It was a world away from his job as a logistics warehouse manager in Toronto – a position he resigned to be able to travel to Ukraine to take part in the race and help his Kyiv-living mother leave the country.
Now that he has survived a rocket attack and taken his mother to Canada, Sliepukhov is sitting in a restaurant in western Toronto, recounting his time in Ukraine.
“Before February 24, my normal day was like a casual, normal human day. After February 24 … It was the only right decision I had to make,” said Sliepukhov, choosing to compete in Ukraine.
Sliepukhov was among the foreign volunteers who headed to the country to join the international legion of the Ukrainian army after the start of the Russian invasion on February 24.
The 36-year-old first flew to Poland in February and then went to Ukraine with a plan to head to the capital, where his mother lived.
“My main goal from the beginning was to go to Kyiv, because I am from Kyiv, but when we arrived in Ukraine the situation changed so fast,” he says.
Sliepukhov, who became a Canadian citizen last year, made his way to an educational base near Lviv, in western Ukraine. Having served in the Ukrainian army for a year before immigrating to Canada in 2014, he says he became a squad commander and led a group of 38 international volunteers on training missions.
The base was abruptly targeted by Russian missiles last month, he says.
“We were supposed to be in training for about two to three weeks to gather applicants and train them, to assign them to a regiment, but the bombing changed that,” says Sliepukhov.
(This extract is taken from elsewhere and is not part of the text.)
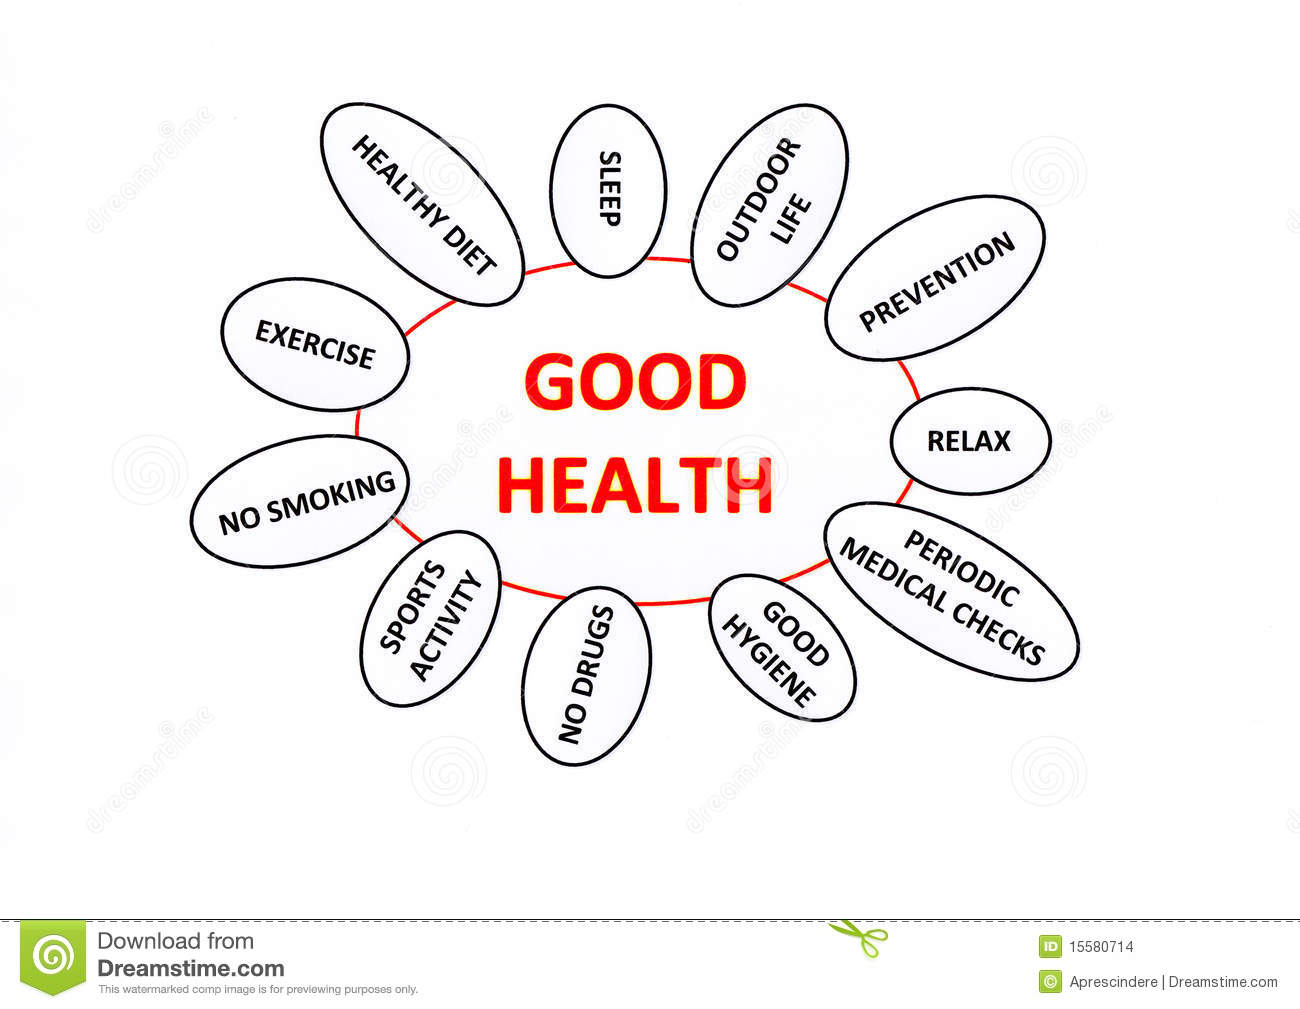 Good Health Concept With Some Possible Related Topics Or Themes   The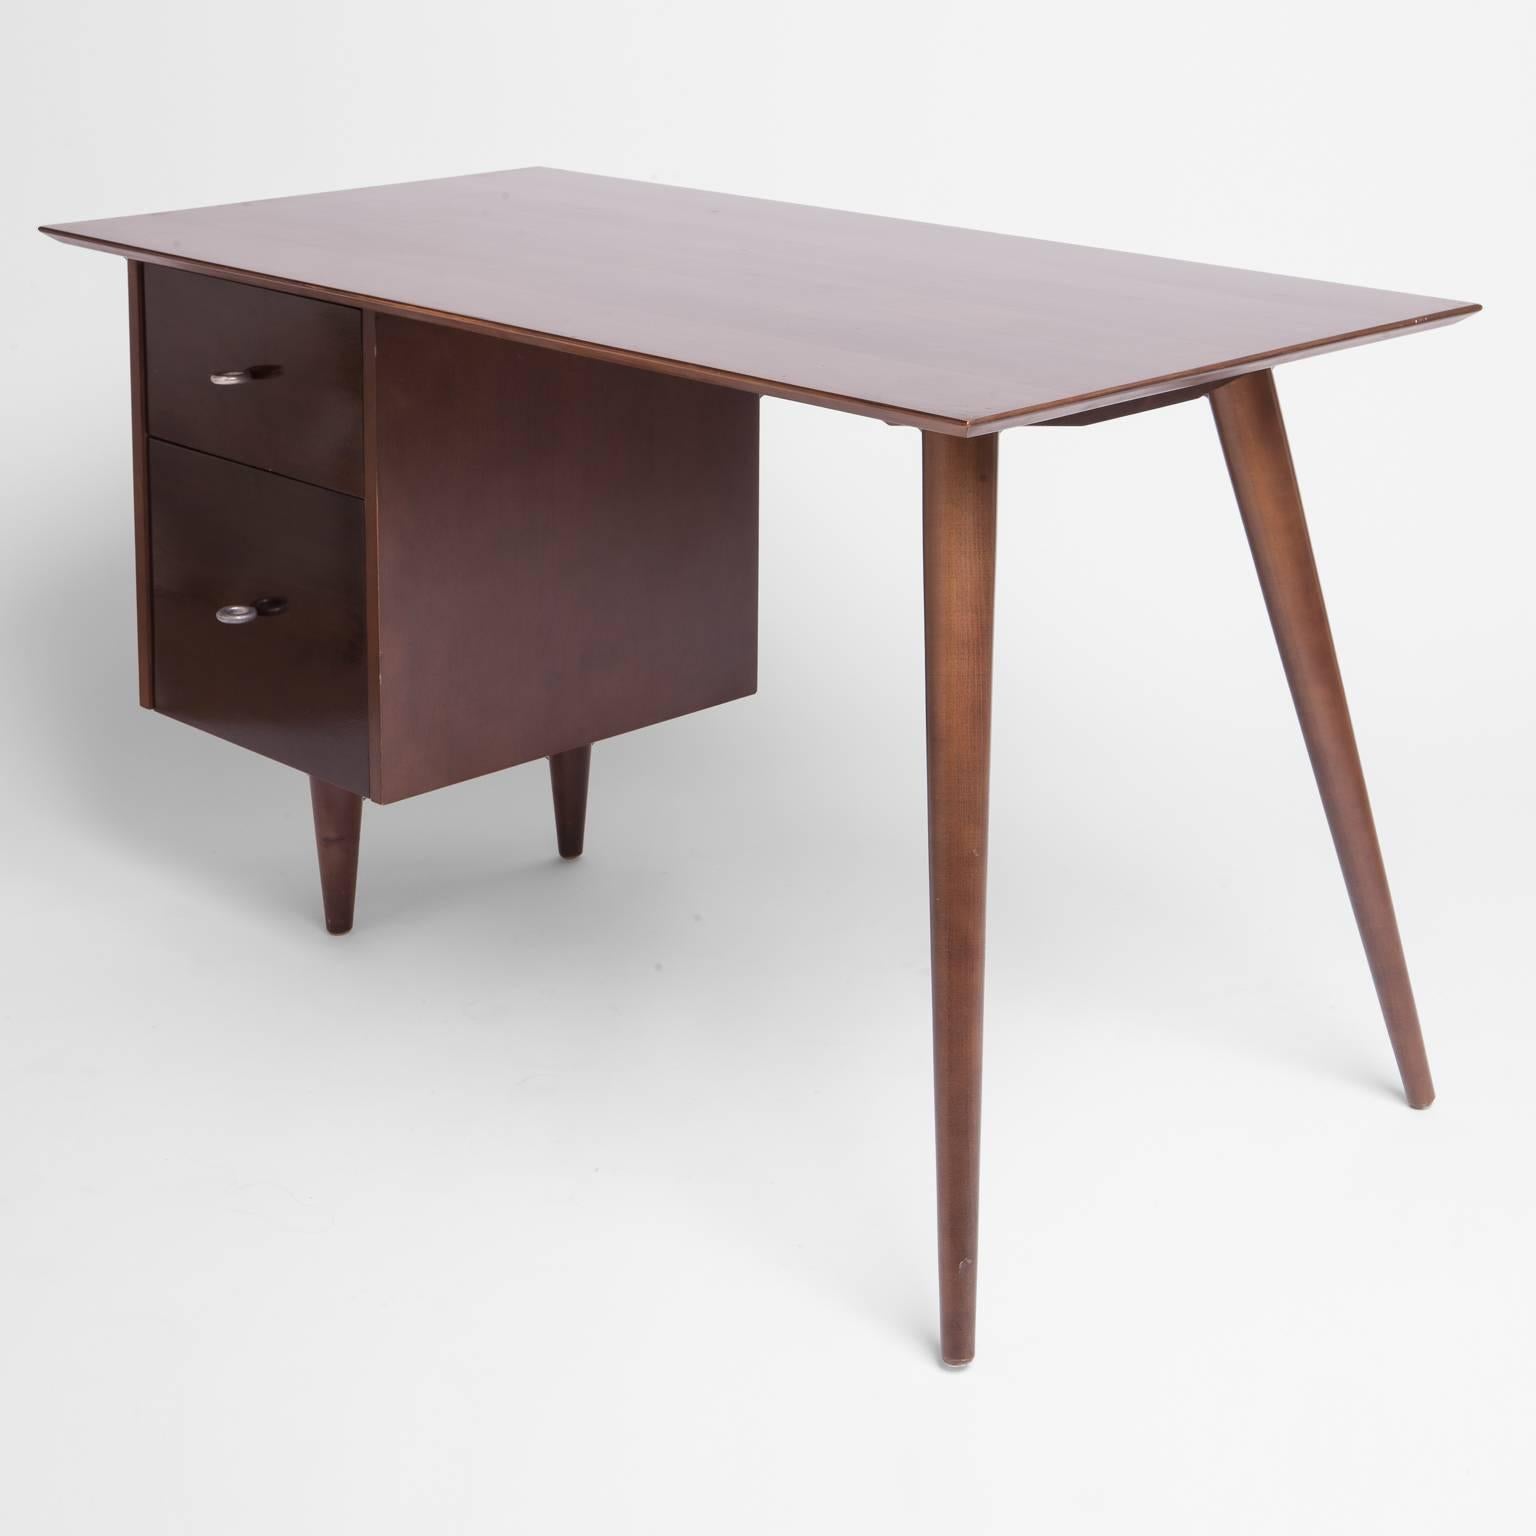 Dark mahogany stained, medium sized desk supported by two drawers to the left and the signature angular tapered legs on the right. There is ample knee space without a center drawer. The top drawer retains the Planner Group label, bottom drawer is

“The bombing was so random, nobody knows what to do. I was talking to commanders … they were telling me ‘build your own, count them to make sure we all have it, get out … in the woods, we’ll get out.’
The group hid in the woods, says Sliepukhov, where he also helped support squads that lost members in the attack. None of the members of Sliepukhov’s squad died, but some were injured, he says.
“After the strike, basically our commander, my officers, tell us first of all to measure all the people, to check their mental state,” he recalls. “Then we offered them, whoever is not ready to stay … will be able to leave (Ukraine). We told them, no one will be judged.”
Many members of his squad decided to leave Ukraine after the Russian attack, he says.
Sliepukhov’s mother, meanwhile, was on her way from Kyiv to Poland, waiting to get a visa that would allow her to go to Canada with her son when he came with her.
“She has a little bit of anxiety when she crosses the border and stays alone in Poland while I was in Ukraine and watching the country fall apart,” he said.
“He is still anxious, but he keeps in touch with everyone he met in Poland who is coming to Canada and with friends who are still in Ukraine.”
The federal government launched a special visitor visa program on March 17 that allows those leaving the war in Ukraine to work and study in Canada for three years, while deciding whether or not to return home.
As of March 30, 60,000 Ukrainians and their families had applied to come to Canada under this program, and another 12,000 have joined the traditional migration stream since January.
Sliepukhov says he started applying for his mother’s visa even before Canada announced its special program for Ukraine and his girlfriend helped him watch it while he was at the military base near Lviv.
Kiran Thind, Sliepukhov’s girlfriend, noted that a government telephone line for Ukraine’s special visa program offers services in English and French, but Sliepukhov’s mother does not speak any languages.
As he adjusts to life in Toronto, Sliepukhov says he would like to continue supporting the Ukrainian war effort by possibly helping train volunteers in Canada who want to head to Ukraine like him.
“To do it right, we have to form groups, interview the (volunteers) to know exactly what their goals are,” he says. “We train people (in) basic military survival skills, such as field first aid, as a regular response.”
Sliepukhov says he is considering returning to Ukraine to rejoin the international legion.
More than four million Ukrainians have fled the country since the start of the Russian invasion, and millions more have been displaced.